Among the lines below, output only those between the line holding "Kitchens with skylights for more natural light 5" and the line holding "Mother Teresa sitting", inclusive, exactly as written and with no pictures.

__Records supplied__
★ ★ ★ ★ ★ ★ ★
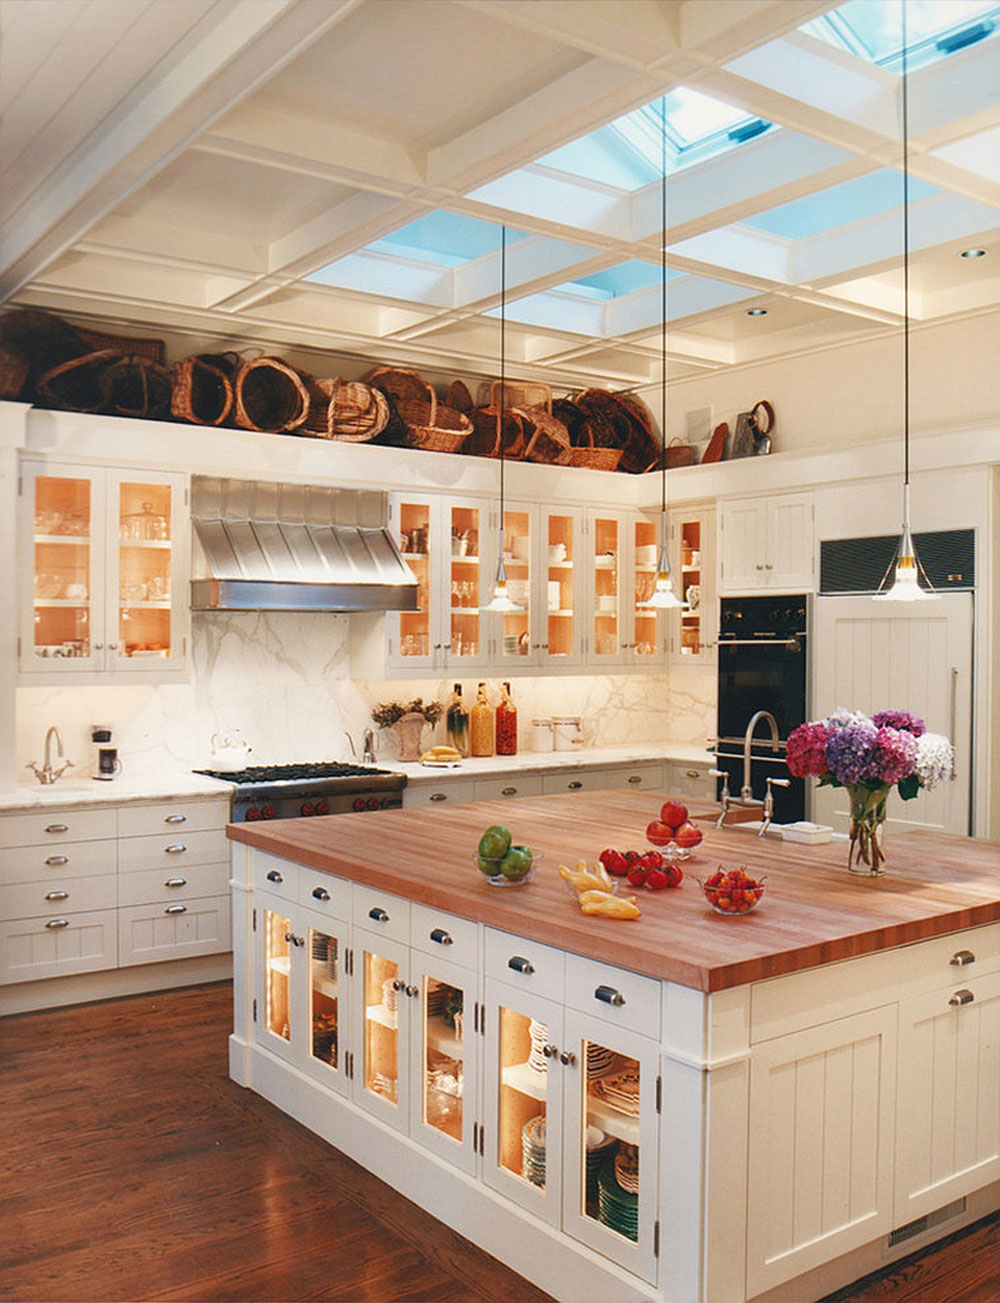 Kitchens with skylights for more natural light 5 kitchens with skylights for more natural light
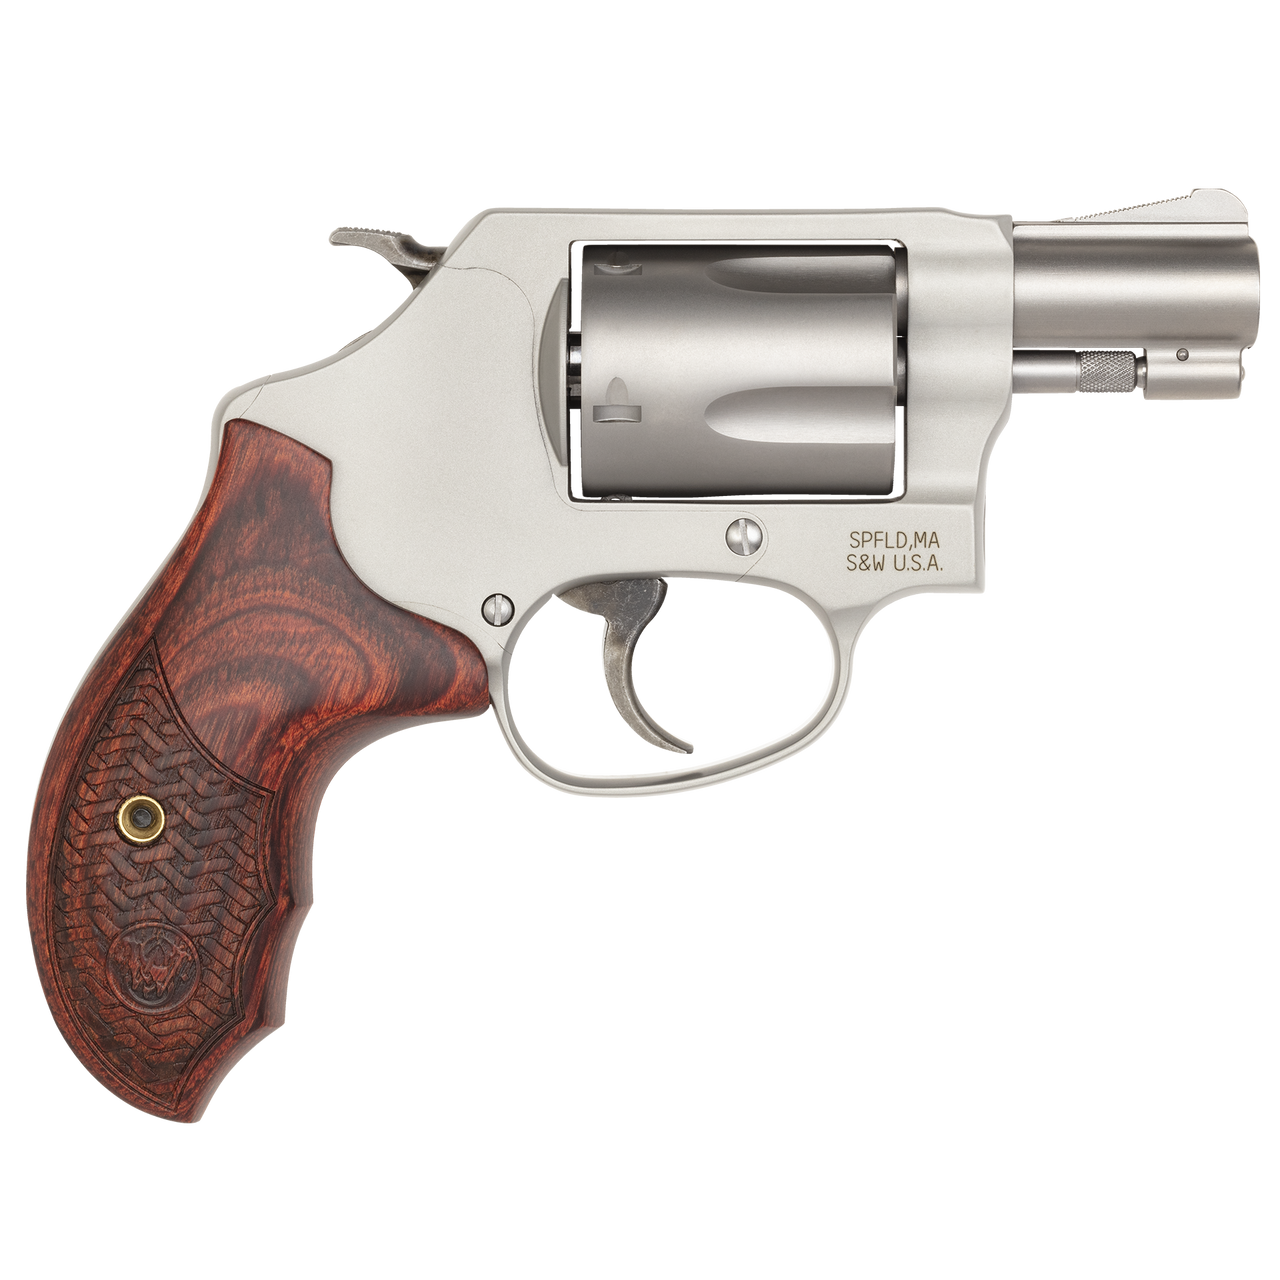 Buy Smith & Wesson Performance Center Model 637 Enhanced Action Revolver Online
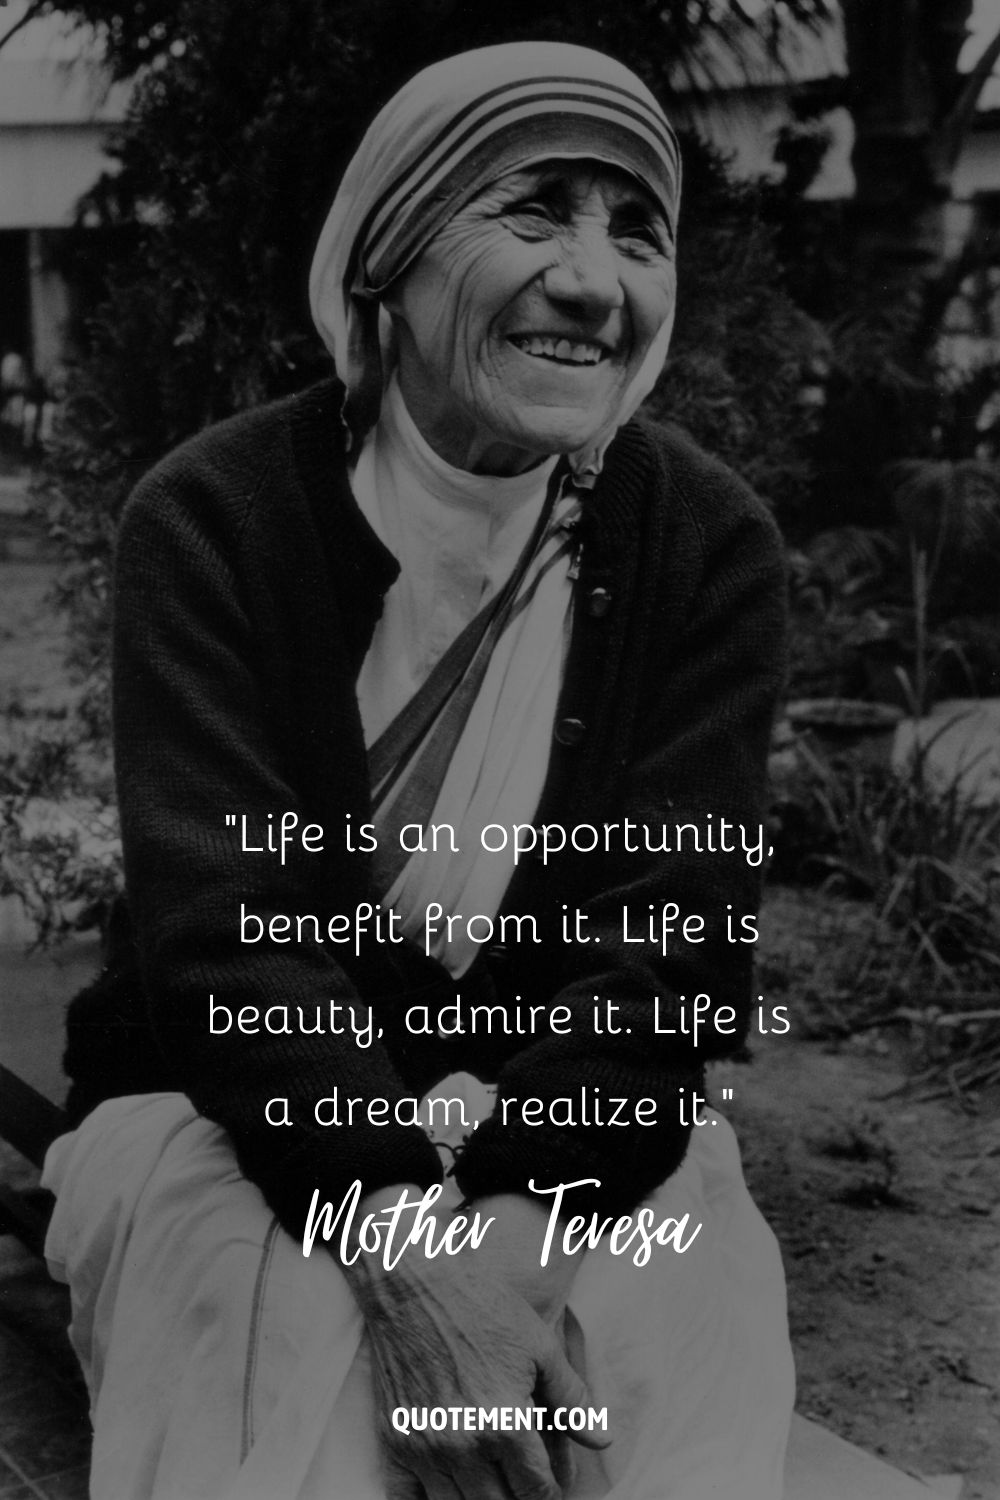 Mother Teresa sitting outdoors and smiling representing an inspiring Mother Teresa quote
★ ★ ★ ★ ★ ★ ★
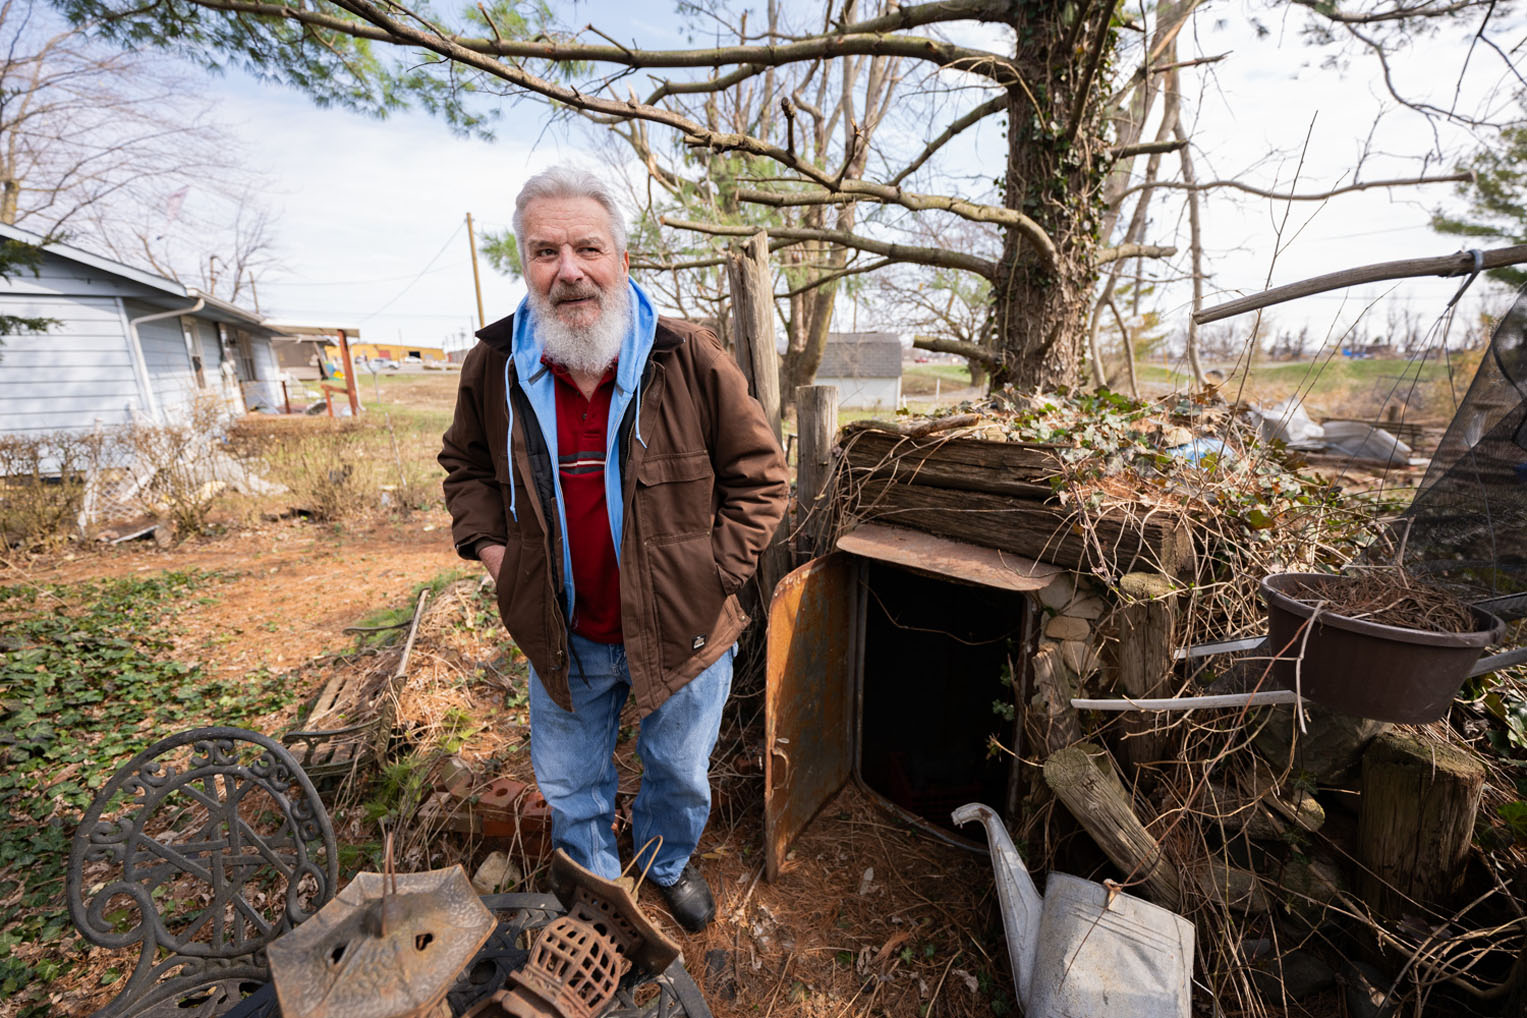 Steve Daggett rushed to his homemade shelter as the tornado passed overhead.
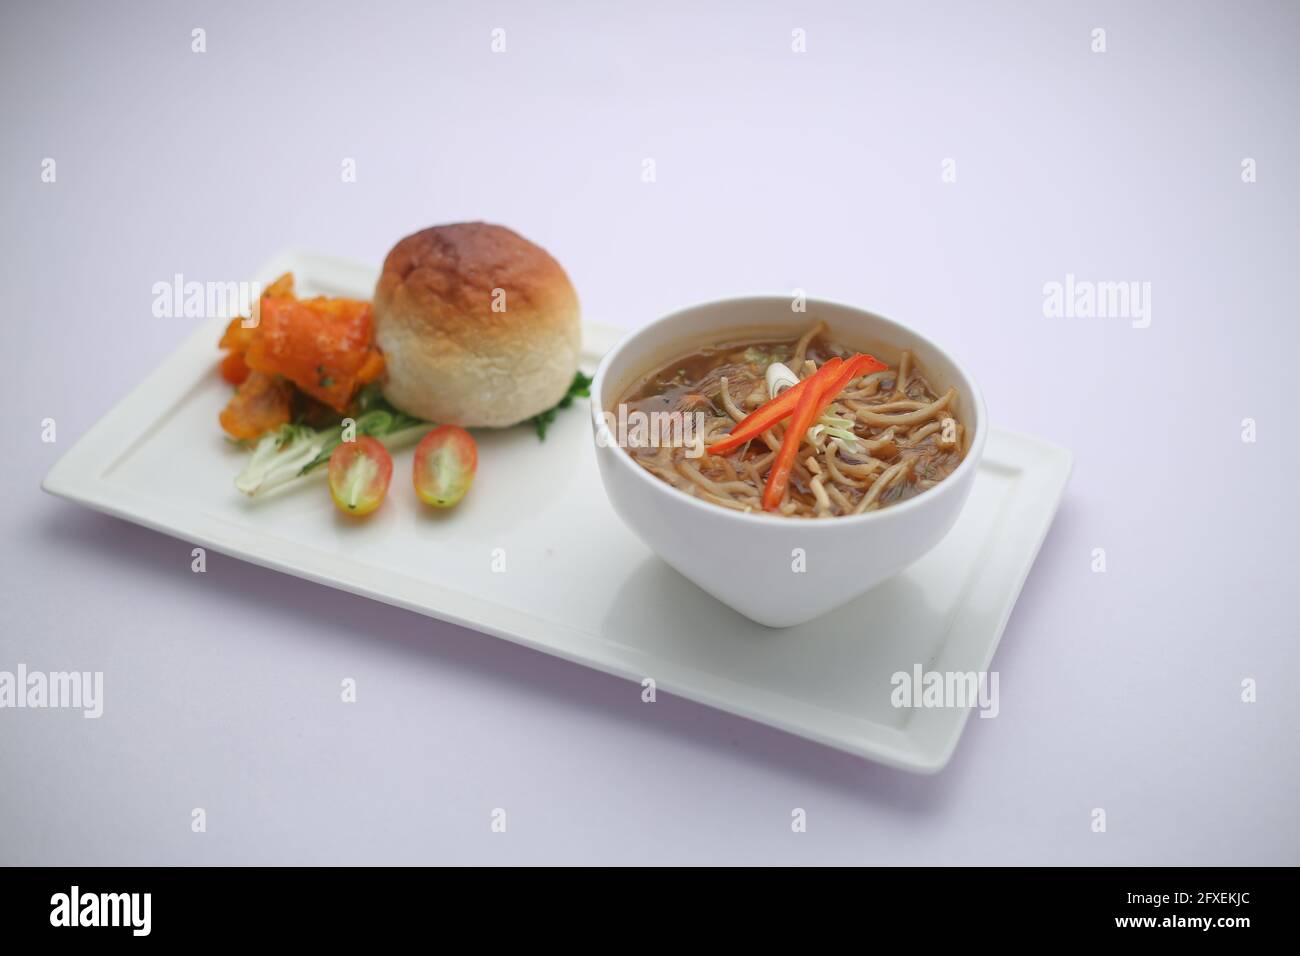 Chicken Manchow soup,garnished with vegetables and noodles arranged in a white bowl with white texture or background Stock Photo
★ ★ ★ ★ ★ ★ ★
__Worked solution__
 Kitchens with skylights for more natural light 5 kitchens with skylights for more natural light
 Buy Smith & Wesson Performance Center Model 637 Enhanced Action Revolver Online
 Mother Teresa sitting outdoors and smiling representing an inspiring Mother Teresa quote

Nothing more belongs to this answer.